We read with interest the article by Hamrah and associates, in which the authors aimed to measure and correlate epithelial and keratocyte densities with corneal sensation and subbasal nerve densities in patients with herpes zoster ophthalmicus (HZO). The rationale is sound, as subbasal nerves are often damaged in herpes simplex virus (HSV) keratitis as well as in HZO and in vivo confocal microscopy (IVCM) is a valuable tool that can quantitatively demonstrate nerve damage in these patients. However, we were surprised to observe that although the number of nerves and total length of nerves were identified as main outcome measures and subbasal corneal nerves were included among the measured parameters in the Methods, nerve densities and their correlative analyses were not presented in the Results section. Furthermore, nerve density data of the current study were also not mentioned in the Discussion. Instead, the authors commented on their findings from their previous works, in which bilateral nerve involvement had been found in cases of apparently unilateral clinical involvement of HZO and HSV keratitis. This missing correlation link between epithelial density and subbasal nerves would have been fundamental to elucidating the effects of subbasal nerve damage on epithelial cell health and turnover in these patients.

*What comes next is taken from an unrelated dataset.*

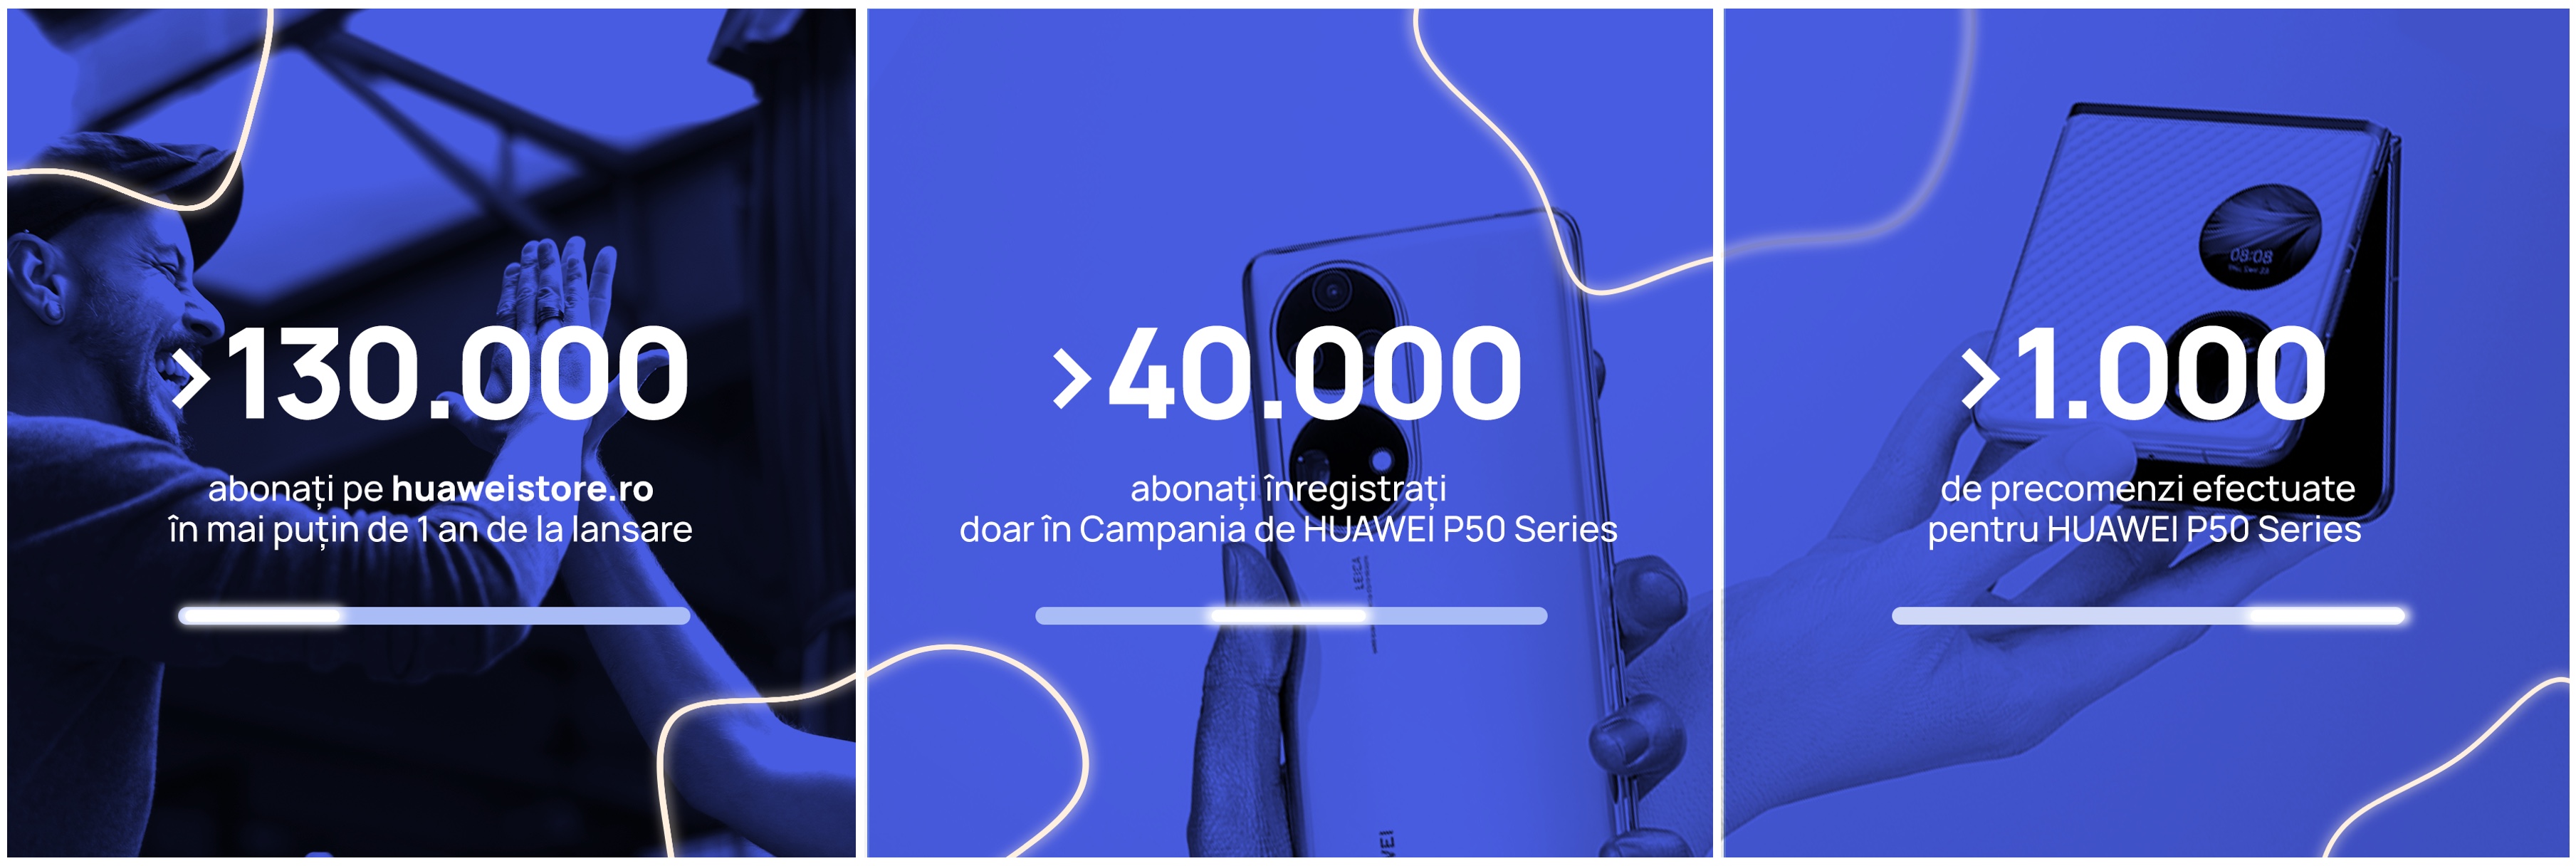 Peste 1.000 de precomenzi pentru cele mai noi smartphone-uri HUAWEI din familia P Series

Another controversial issue is the utilization of superficial epithelial density in IVCM. Determination of superficial epithelial cell densities is problematic in that they cannot be reproducibly visualized with IVCM and their quantification is not as accurate as that of basal epithelial cells. In addition, the superficial epithelium may manifest different imaging characteristics with IVCM following the application of fluorescein dye, as was previously described by our group.
The authors also aimed to analyze keratocyte densities in HZO patients, but it is unclear why they chose to do so. The authors argue that subbasal nerve loss could have an impact on keratocyte density, but they do not present any scientific evidence from previous clinical or basic science studies to support their claim. Moreover, they do not provide their data on the relationship between subbasal nerves and keratocytes and they do not discuss the ramifications of their finding of unaltered keratocyte densities in HZO. The readers would be interested to know how the findings of unaltered keratocyte densities contribute to the disease pathogenesis. Since the authors analyzed the posterior corneal stroma, it is also puzzling not to see endothelial layer evaluation in this study.
A final question remains as to whether the data presented are sufficient to justify the concluding remarks, “An objective quantitative evaluation of epithelial cells can provide valuable clues to detect subclinical neurotrophic keratopathy before intractable clinical findings occur.” Although it is unclear from the data as to how many subjects with severe vs mild corneal sensation loss were analyzed in this study, the presence of severe sensation loss suggests the inclusion of cases with overt neurotrophic keratitis. Neurotrophic keratitis is associated with persistent and frequently generalized epithelial defects, and thus correlating the biomicroscopic findings with IVCM results in corneas at different stages of neurotrophic keratopathy may assist in understanding the progression of this debilitating disease.